The Bounty Hunter

The Bounty Hunter

The Bounty Hunter is a sequence of ten shots, of which seven were entirely worked within Nuke. The project was developed as the final exercise of Aitor Echeveste's 'Professional Compositing Techniques' course, with the intention of reproducing a real cinematic workflow, facing authentic production problems and developing the ability to take a shot from scratch to a solid and professional finish.

My Role

In this project, I handled all the compositing, color treatment, environment lookdev, character and CG element integration, 3D projections, matte painting creation, and some atmospheric effects within Nuke. Although different programs were used in production, my entire process was executed within this software.

The main challenge

The project's goal was to learn to composite at the level of a real production, solving technical challenges, making conscious creative decisions, and strengthening my visual analysis capabilities. This work was also a personal challenge: I wanted to prove to myself that, with dedication and consistency, I was capable of tackling complex shots without depending solely on inspiration or 'talent' as my only tool. It has been a long journey full of learning, and at the same time one of the experiences that has made me grow the most as an artist.

Without references there is no direction

One of the most important lessons came when facing color without adequate references. At first, I tried to work guided only by the professor's final result, but the tones didn't reach the balance I was looking for. After researching color theory, consulting technical documentation, and studying real references, especially snowy shots from The Revenant, I understood that references are not optional help, but the foundation of any visual decision with intention. From that point on, corrections began to make sense and results improved clearly.
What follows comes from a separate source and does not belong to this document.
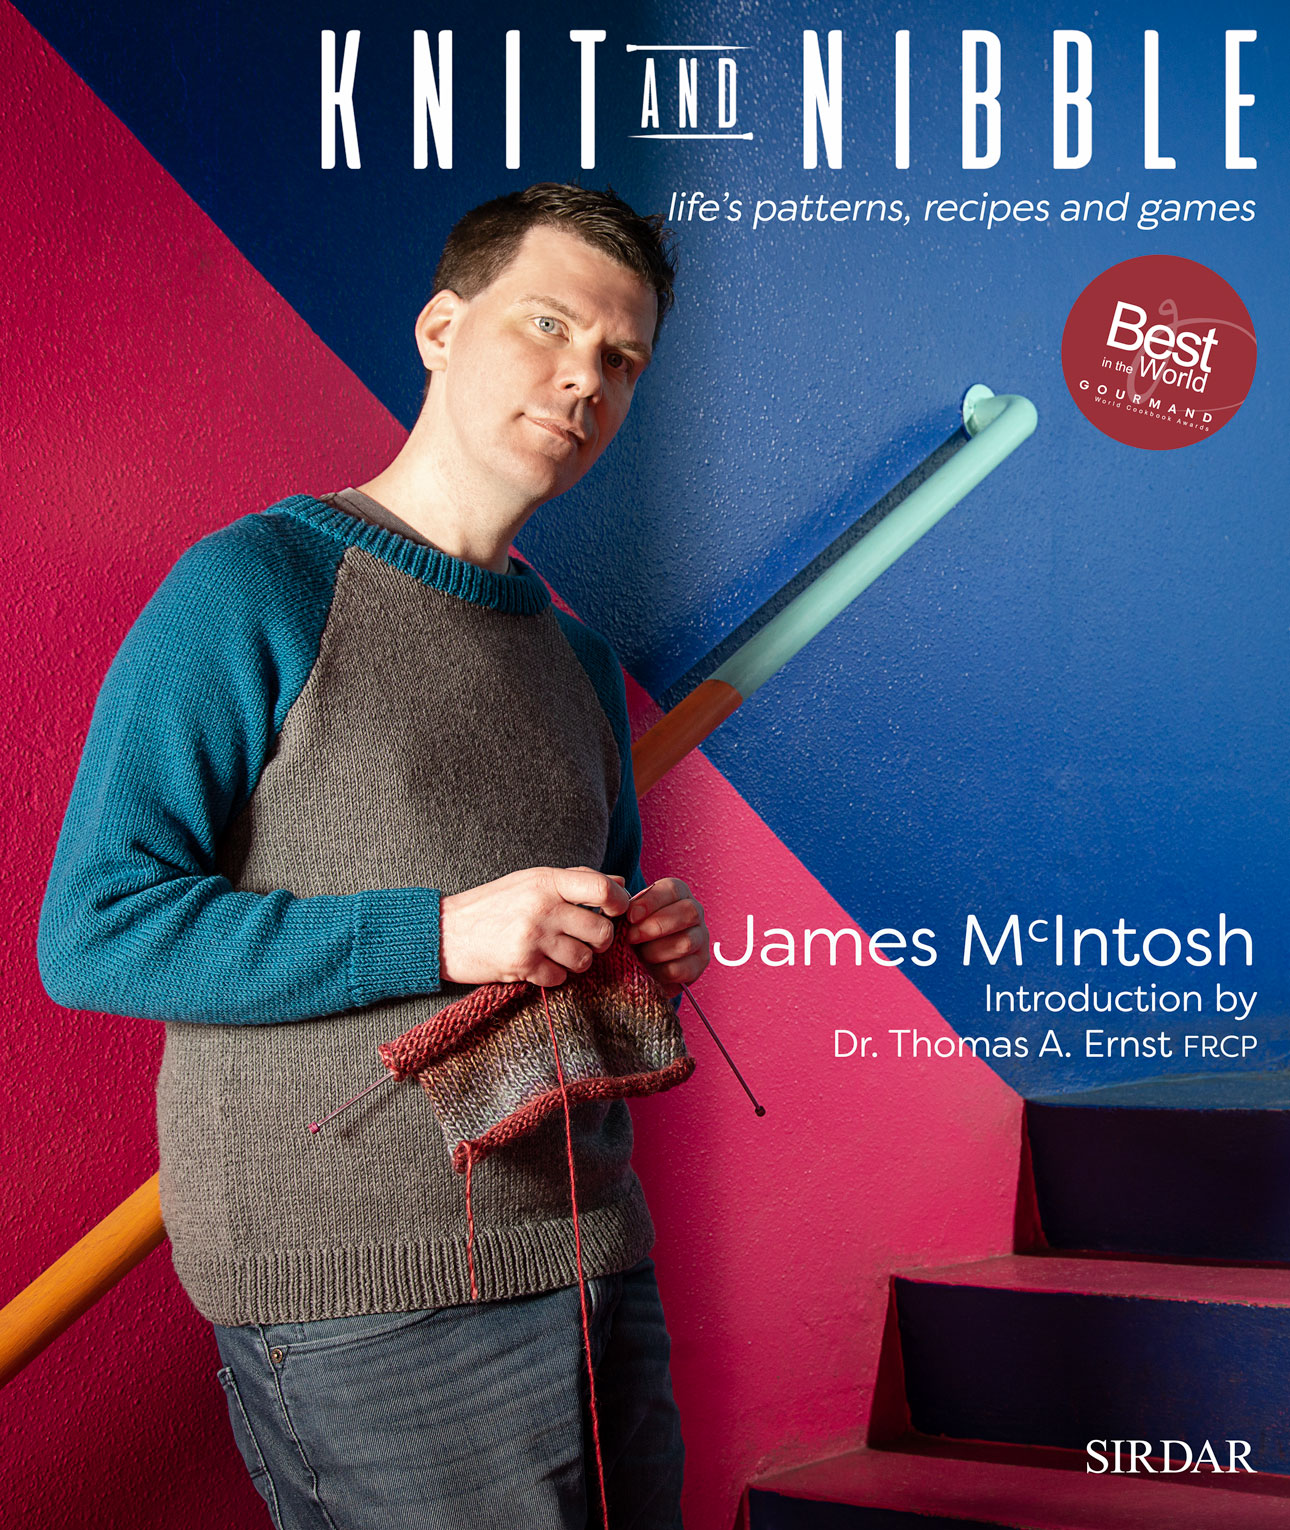 Knitting Books and Patterns, How to Knit

Color moodboard and references
Environment Construction

DMP + 3D Projection

One of the most important tasks of the project was the creation of the DMP. I prepared the matte painting from scratch in Photoshop using Photobash material and then projected it onto different geometries within Nuke to adapt it to each shot, ensuring physical depth and spatial coherence. The original CG environment did not include snow, so I performed a complete lookdev adjusting masks, cryptomattes, keyers, and tonal values to build a cold, dense atmosphere related to the narrative.

FX node panel
Technical Breakdown

FX within Nuke

For atmospheric snow, I worked within Nuke using the P_snow_rain node, which allowed me to simulate different snowfall behaviors by varying turbulences, speeds, and wind direction according to each shot, maintaining visual continuity in the sequence.

Shot Breakdown

01

In the first shot, Shot 01, I projected the matte painting onto a card and built a second closer zone that required its own DMP. I then projected it onto 3D geometry generated in Nuke to add real volume. I integrated the character into the scene, retimed the arm movement, replaced his hat with one more narratively appropriate, and generated a forest using 3D trees and additional stock material. Finally, I added snow, fog, and atmospheric elements that reinforced the feeling of a cold and inhospitable environment.

02

Shot 02 was one of the longest and most complex shots, as it combined an especially detailed matte painting, explosions, bullets, the character with retime, the robot head track, the plane, the laser shot, and atmospheric effects. It was, probably, the shot that came closest to a real production shot, with multiple versions, adjustments, and simultaneous decisions.

03

Shot 03 is possibly the most spectacular. Being a fully CG shot, the greatest challenge was rebuilding the explosions and fire from composition, as the original effects did not reach the desired level. I generated the fire from multiple 2D layers, did the environment lookdev, adjusted the camera and plane movement through retime to achieve a more cinematic finish, and integrated it with the final matte painting of the sequence.

04

In Shot 04 came one of the strongest technical challenges: replacing the actor's head with that of the digital character. I used Keen Tools to track the real head and then transfer it to the 3D model. This shot also generated two derivative shots that served as support within the final edit. Afterwards, I built the ocular laser effect from various layers of detail, grain, waves, refractions, and particles, seeking to convey a futuristic feeling but with physical presence in the environment.

05

The last shot, Shot 05, was also fully CG. It started from a forest matte painting provided in production that I complemented by adding three-dimensional trees to avoid a flat feeling. I adjusted the foreground so the projection would integrate naturally, did the lookdev of the fire, smoke, and plane, and reinforced the atmosphere by adding more 2D fire to enhance the climate of destruction and tension with which the sequence had to close.

Conclusion

The Bounty Hunter has been a long, demanding project full of real learning. It was my first experience working on a sequence as if it were part of a cinematic production, developing color criteria, building atmospheres from scratch, solving technical problems that only appear in complex shots, and above all, proving that growth comes with analysis, method, and constant work.